Anna Sabatini nell’occupazione di via del Caravaggio (agosto 2019), foto di Costanza Fraia

OLTRE LE QUESTIONI relative alla prevenzione del contagio, ci sono gravi problematiche economiche che iniziano a fare capolino. Chi per avere una casa è stato costretto a occupare vive condizioni di forte precarietà già normalmente. Con l’emergenza le cose stanno peggiorando in fretta. «Sto tornando a casa, oggi ho lavorato – racconta Madalina Gavrilescu, sul bus diretto a via di Casal Boccone – Sono impiegata in una ditta di pulizie. Ho un contratto part-time e mi pagano a ore. Da una settimana ormai lavoro a chiamata. Dalla prossima consegneremo gli ultimi locali puliti, ma ormai chiusi. Dopo rimarrò senza stipendio». Nella sua occupazione, periferia nord-est della capitale, vivono 140 famiglie.

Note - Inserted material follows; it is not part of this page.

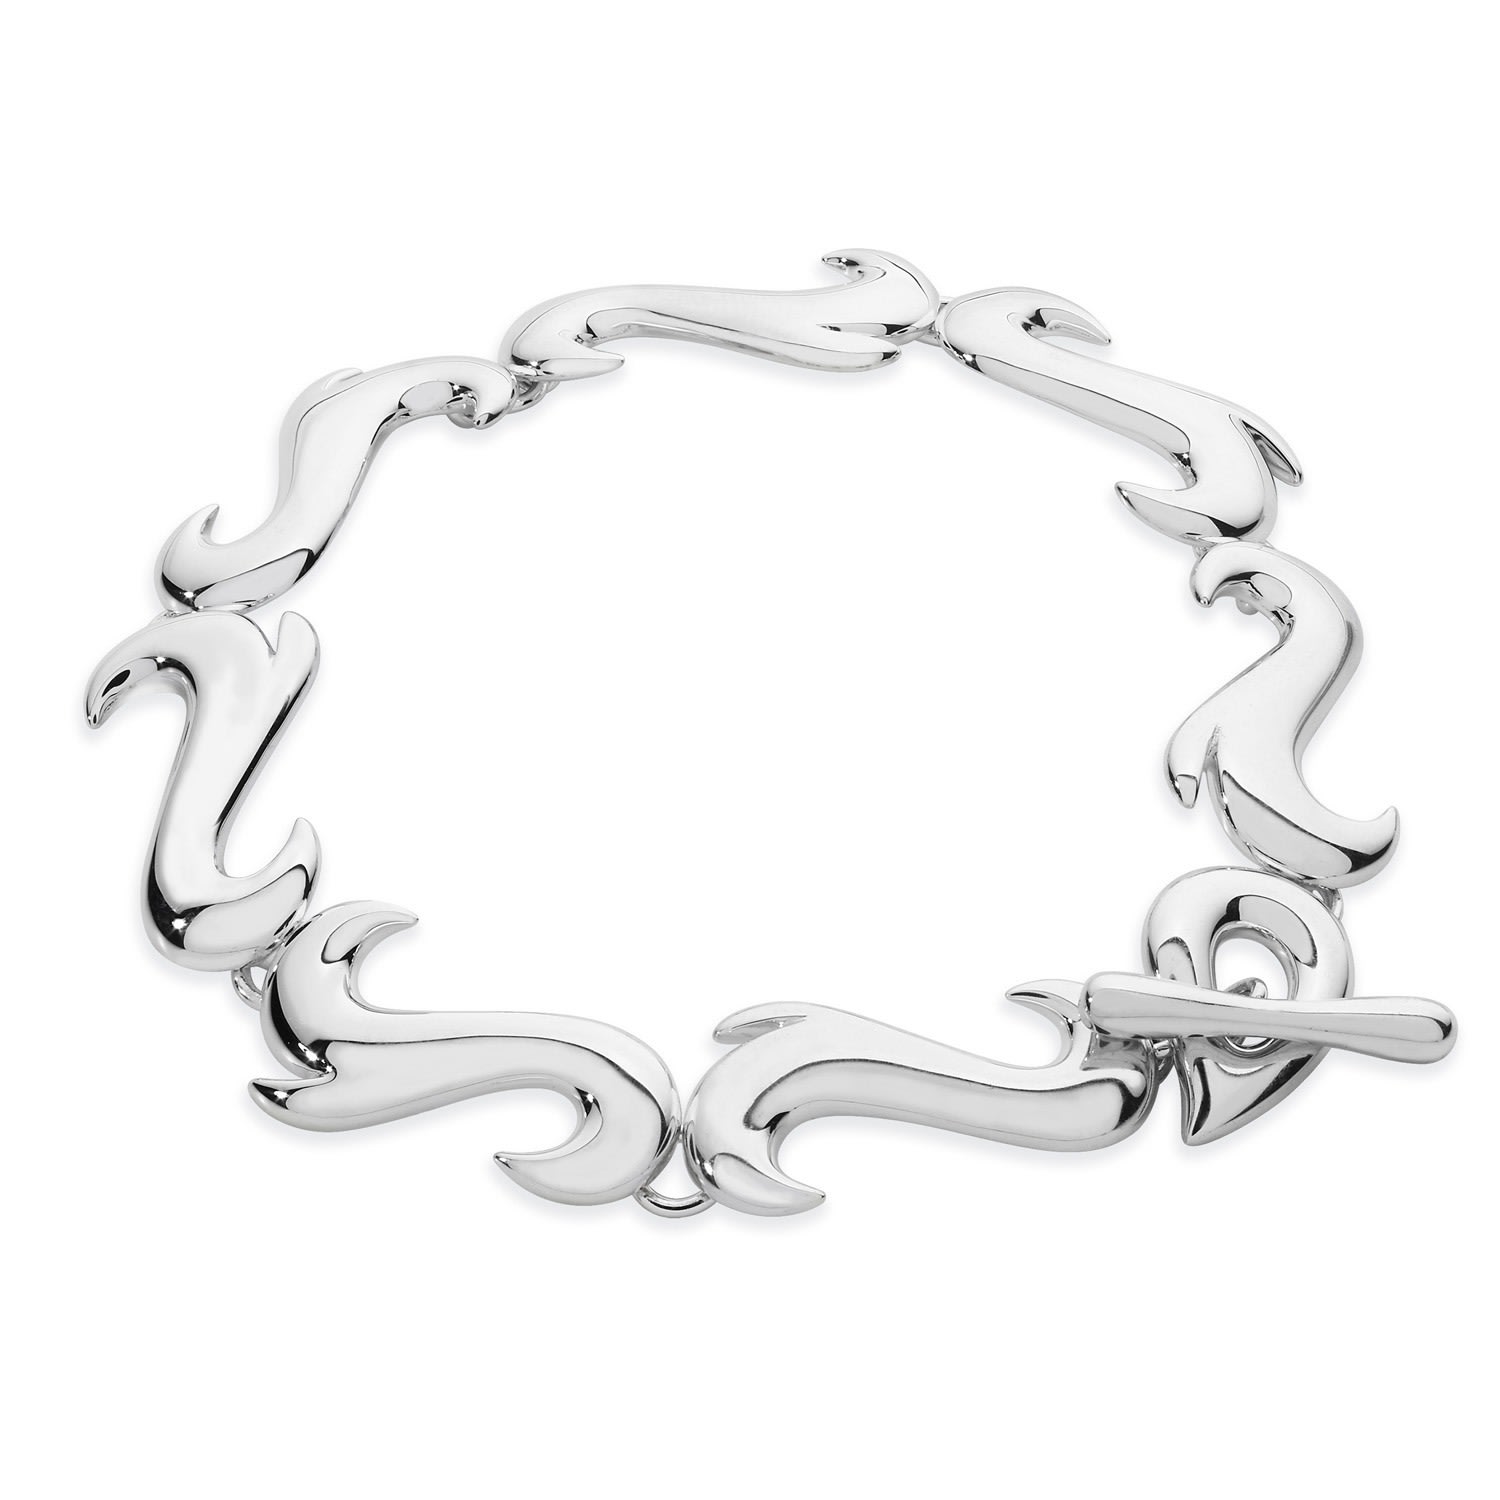 Lucy Quartermaine Women's Silver Element Air Bracelet

«SIAMO FORTUNATI perché non dobbiamo pagare l’affitto, altrimenti non so cosa sarebbe accaduto – continua Gavrilescu – Qui le persone non hanno risparmi da parte. Sono precarie, lavorano saltuariamente come badanti, con le bancarelle o nella ristorazione. Molte sono impiegate in nero e rischiano di essere escluse dalle misure economiche varate dal governo».

CIÒ CHE POTREBBE ACCADERE tra le persone che vivono nelle occupazioni abitative è solo il riflesso estremo di una condizione molto più diffusa nel Paese. Se l’isolamento continuasse anche oltre il 3 aprile, le possibilità di sopravvivenza di un’ampia fetta della popolazione sarebbero seriamente compromesse. Per tutelare tutti servono misure economiche veramente universalistiche. Finora, solo la proposta del «reddito di quarantena» sembra in grado di affrontare il problema in questi termini.